Aside from conservation concerns regarding endangered red-cockaded woodpecker that lives in the city, the lack of a citywide sewer system is perhaps the biggest roadblock to development in the county’s largest municipality by land area.
Hundreds if not thousands of undeveloped lots have sat empty for decades, all because the land won’t perk. “I call it little New Orleans. Because it’s like a bowl. It just holds water,” City Commissioner Steve Barger explained.
Because the water table is high in many areas of the city, the soil and sand stay saturated, Barger said. Saturated soils don’t allow for proper effluent drainage, rendering many areas of the city essentially undevelopable. “It’s no secret that we have a water table flooding issue. And there’s large parts of our city that do not perk because of that,” Barger said.
Boiling Spring Lakes is growing — just not as quickly as its neighbors. Between 2010 and 2018, the city’s population increased by 14.2%, according to the Census, compared to Oak Island’s 18.6% growth rate, Southport’s $35% growth rate, and the county’s overall 27.3% growth rate over the same time frame. An estimated 7,200 people live in Boiling Spring Lakes today.

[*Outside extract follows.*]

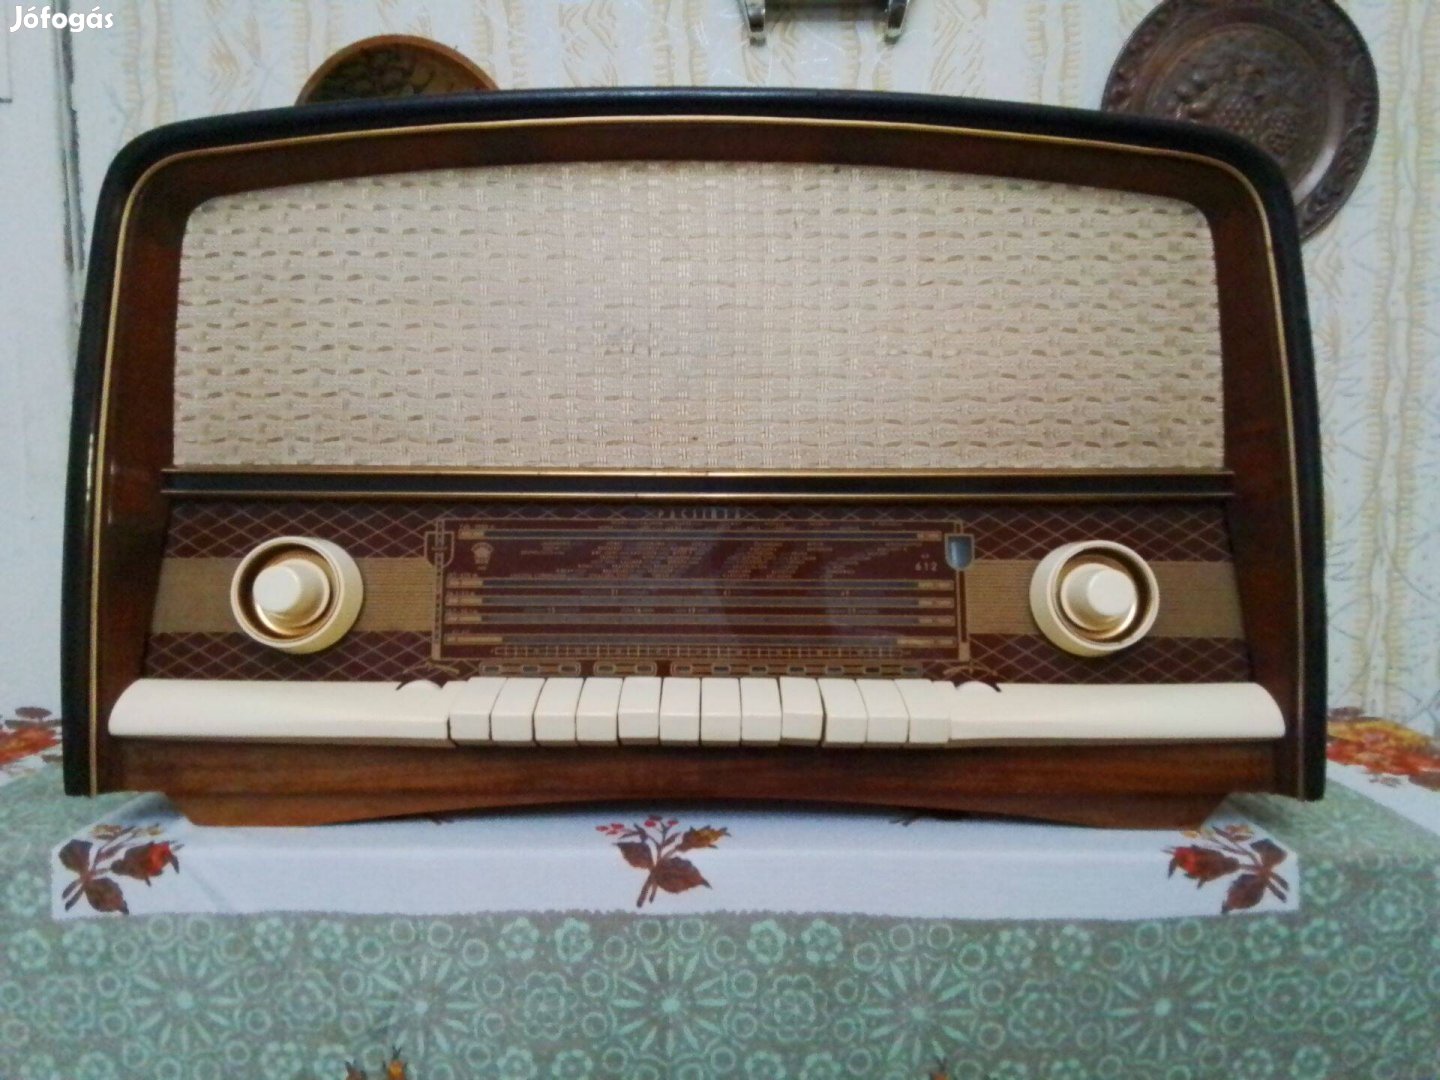 Eladó egy 1960- as évekbeli rádió Pacsirta rádió

The expansion would provide sewer to 9,500 lots, the study found.
Barger said implementing a citywide sewer system would save money for property owners in the long run, requiring less money upfront than the cost to replace an aging system. It would also increase property values, which in turn, increase city revenues, which could increase the city’s ability to provide services. “I am all for city-wide sewer.”
Like Barger, Forte owns lots in the city that he said he can’t use without sewer. “Without sewer, it’s useless. It’s a piece of wooded land,” he said at the county meeting.
Forte urged Commissioners and staff to seriously consider implementing the expansion and wondered if the health concerns related to failing septic systems create a sense of urgency.
“I realize the cost of this project is $50 million, I get it. That’s a boatload of money. But if ever there was a project that was needed, this is one I think is desperately needed. Boiling Spring Lakes has the potential to expand threefold, minimum. I think this project could in time easily pay for itself,” he said at the meeting.